## Data segment
******************************
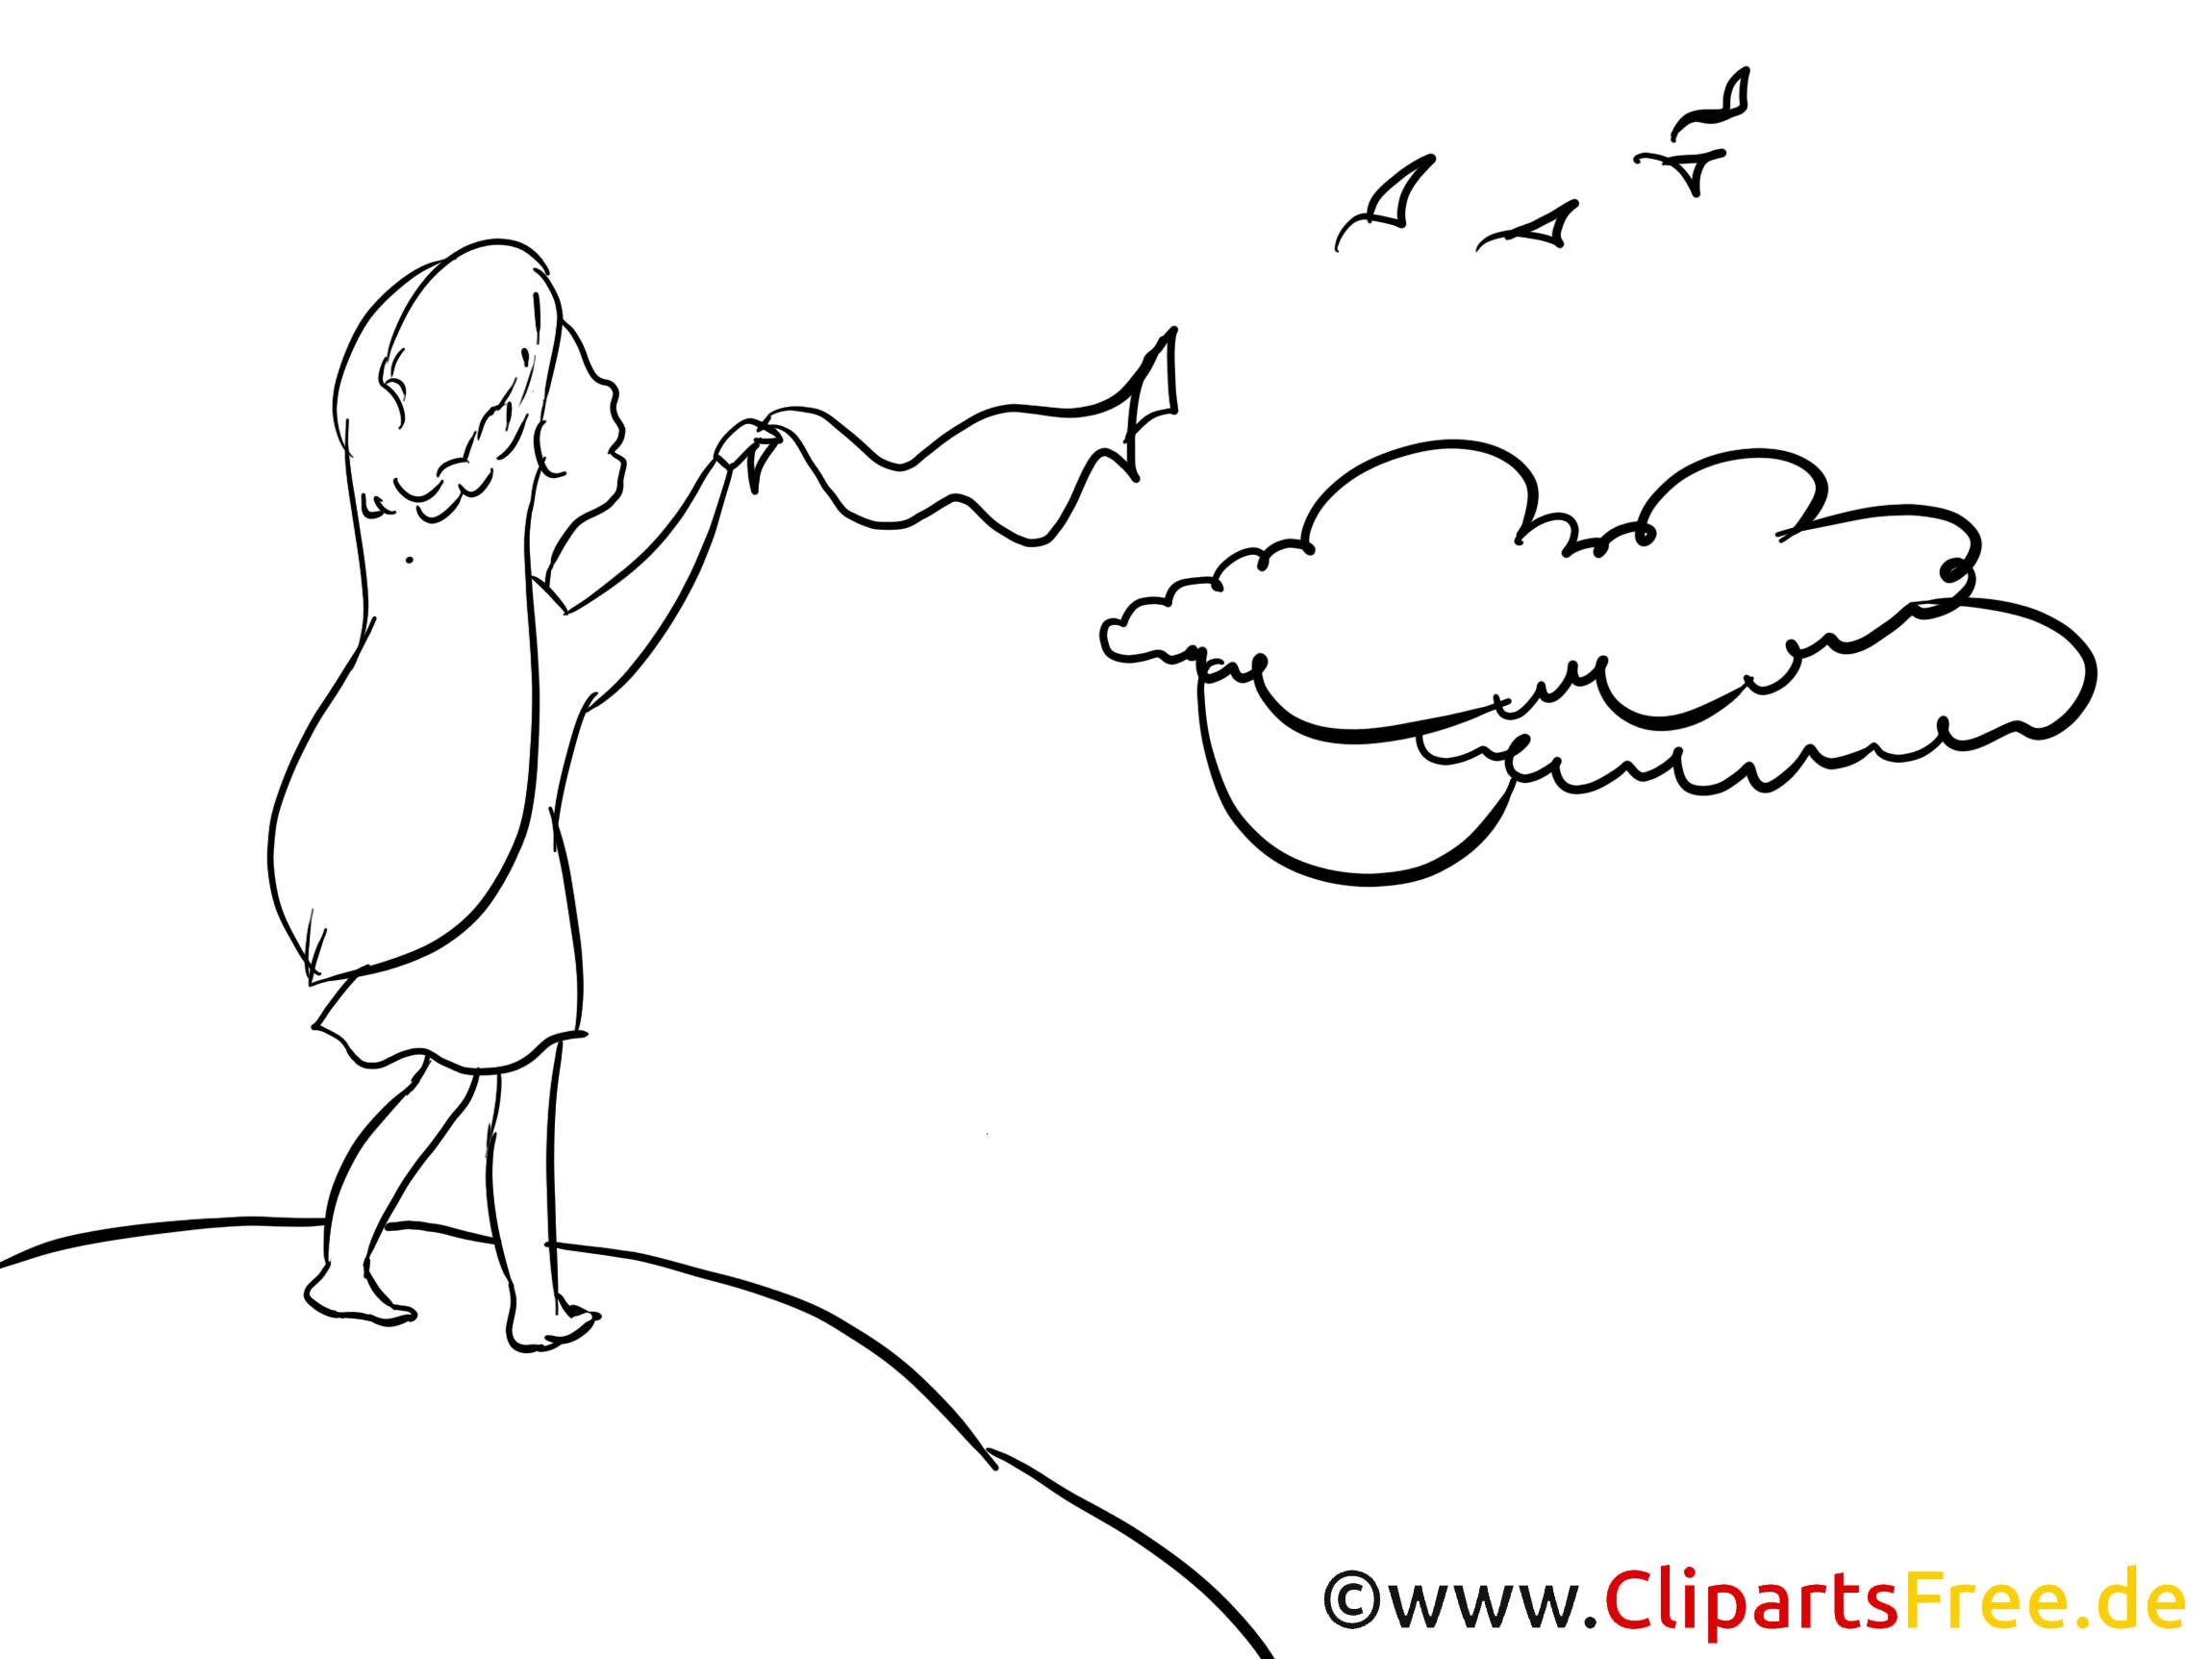 Femme adieu illustration à colorier gratuite
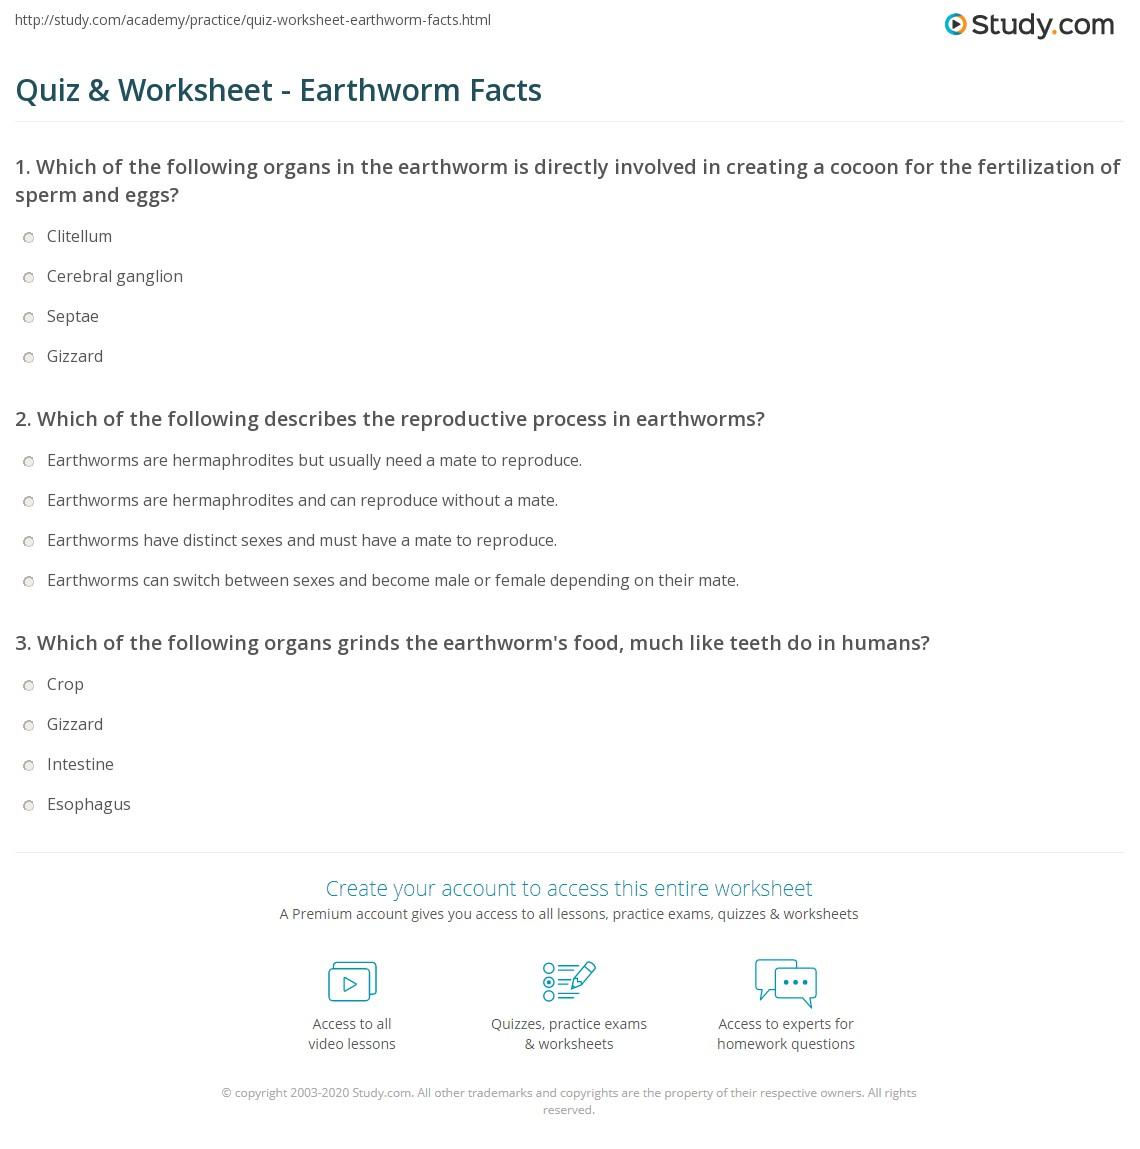 Quiz & Worksheet - Earthworm Facts | Study.com
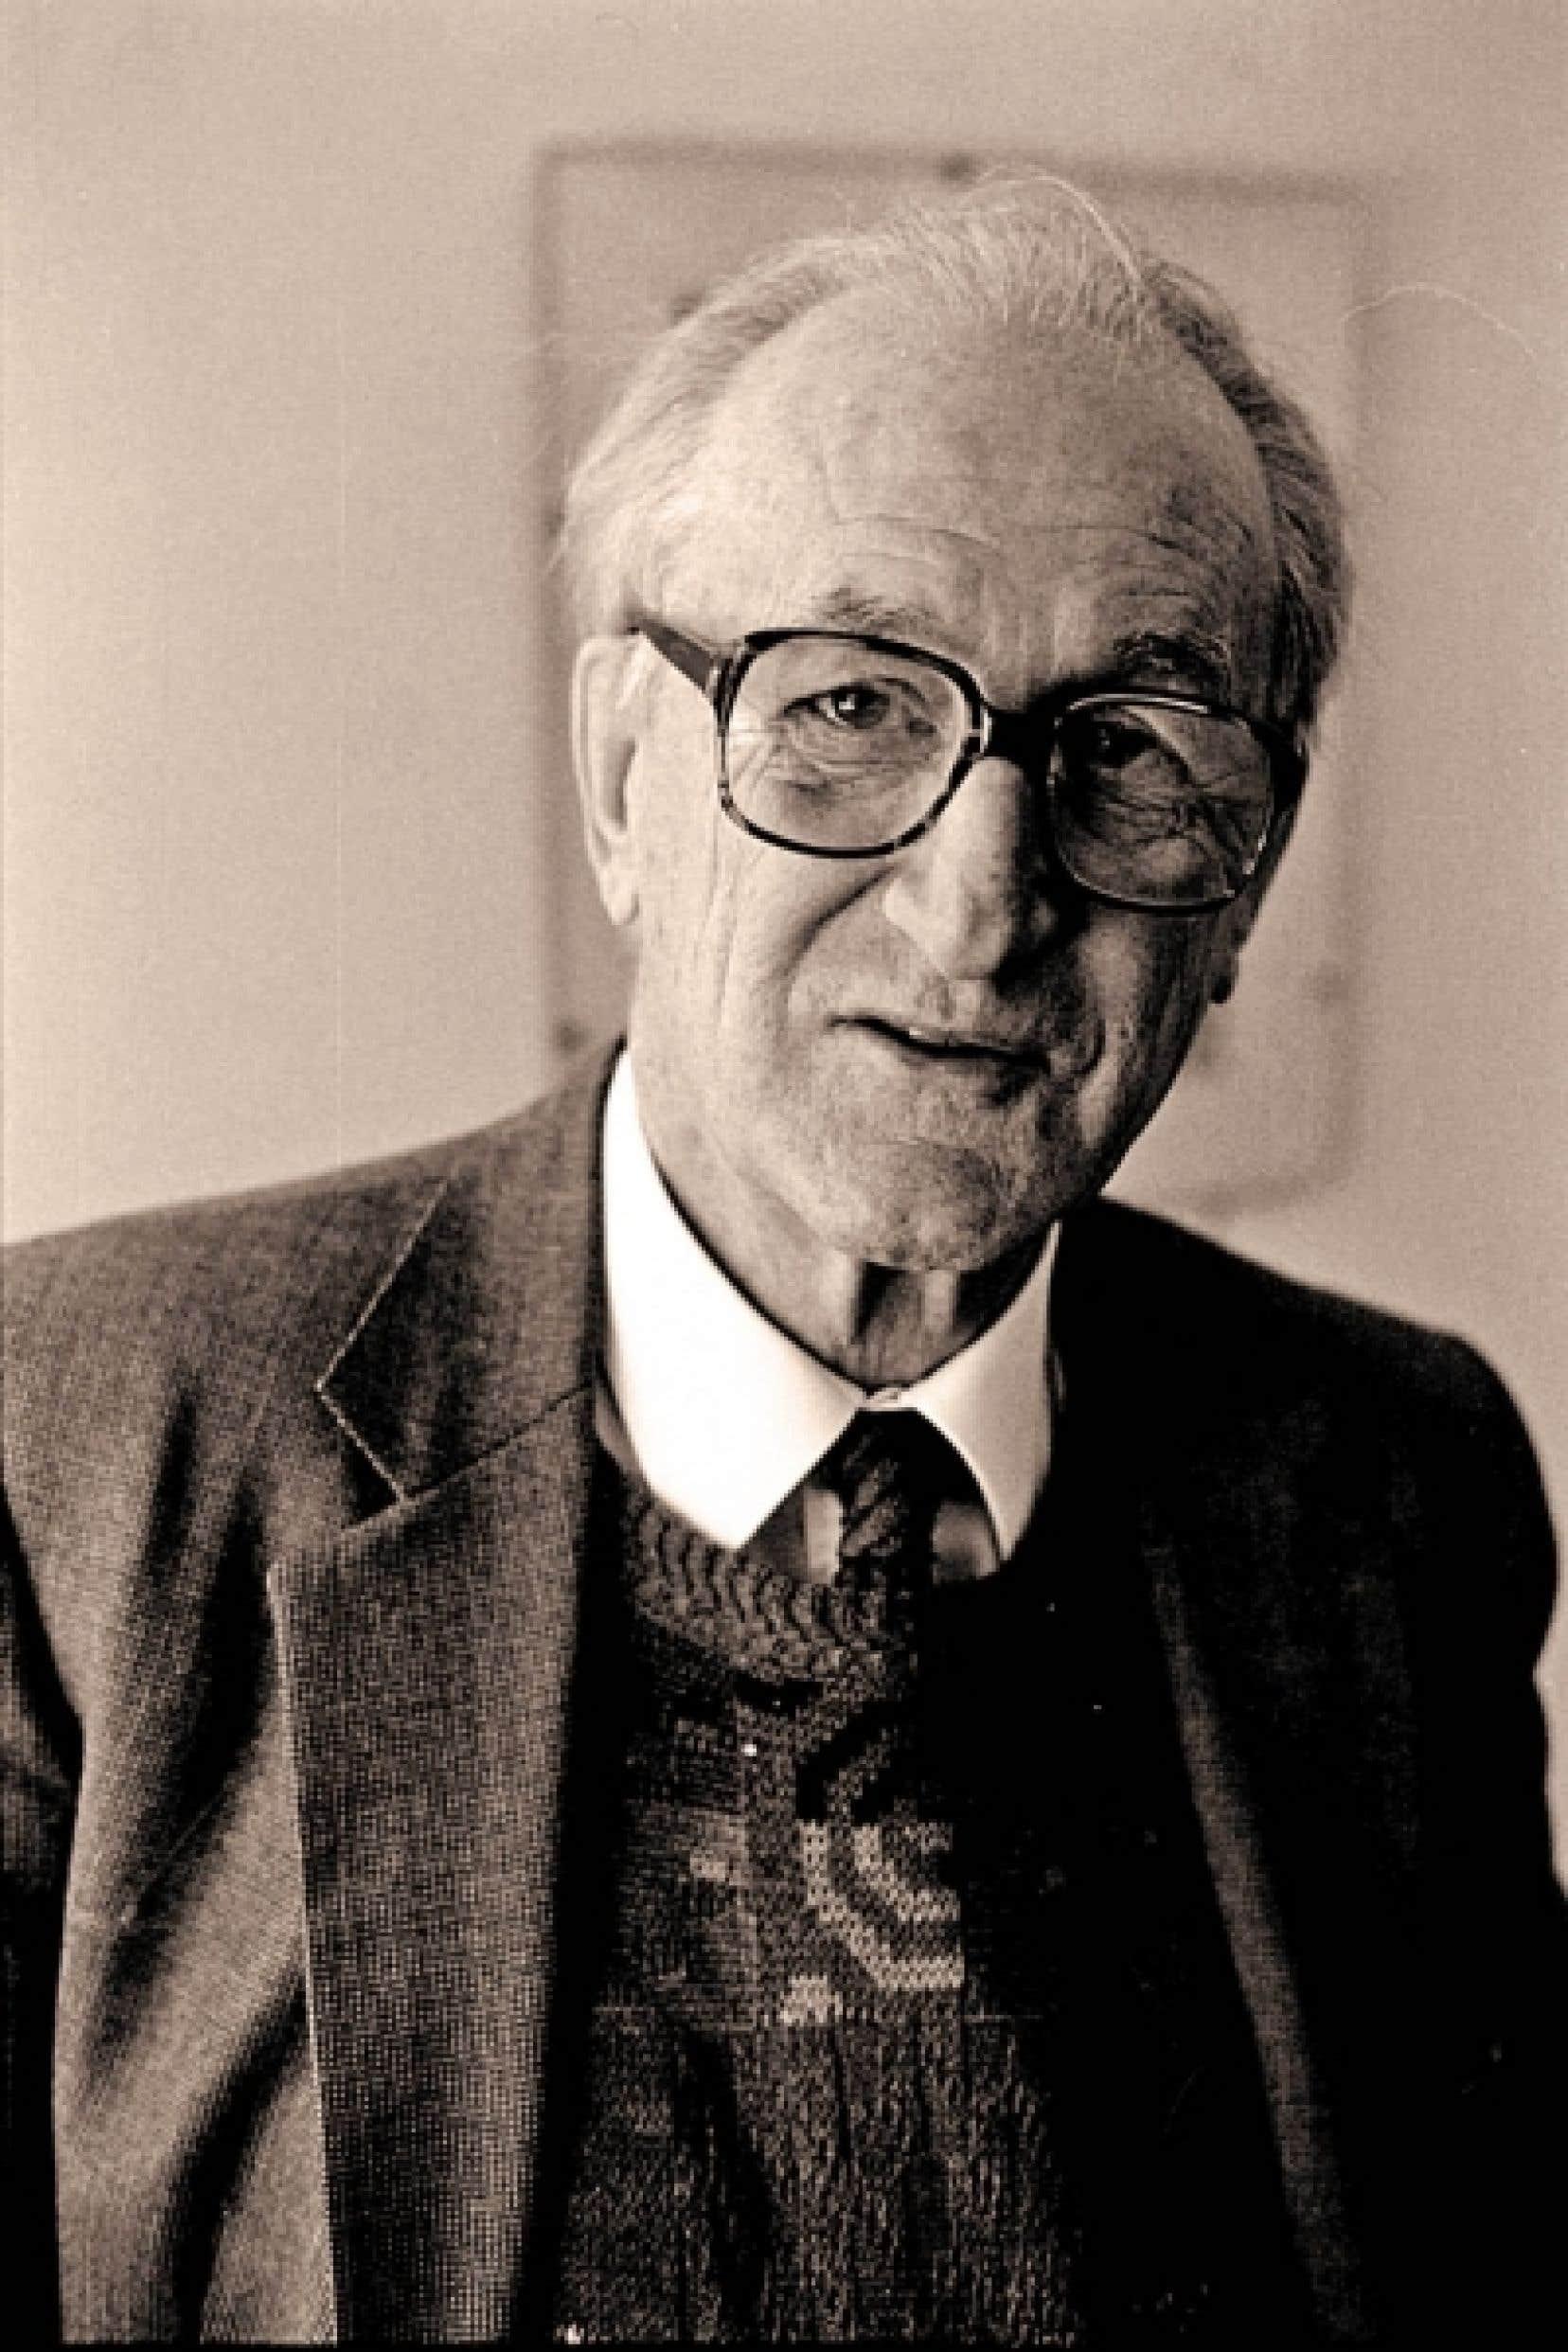 L'un des phares de la littérature québécoise, l'écrivain Pierre Vadeboncœur est mort tôt hier matin à Montréal, emporté par une très brève maladie.
******************************
From the first line to the last, write out the data exactly, dropping any pictures.

 Femme adieu illustration à colorier gratuite
 Quiz & Worksheet - Earthworm Facts | Study.com
 L'un des phares de la littérature québécoise, l'écrivain Pierre Vadeboncœur est mort tôt hier matin à Montréal, emporté par une très brève maladie.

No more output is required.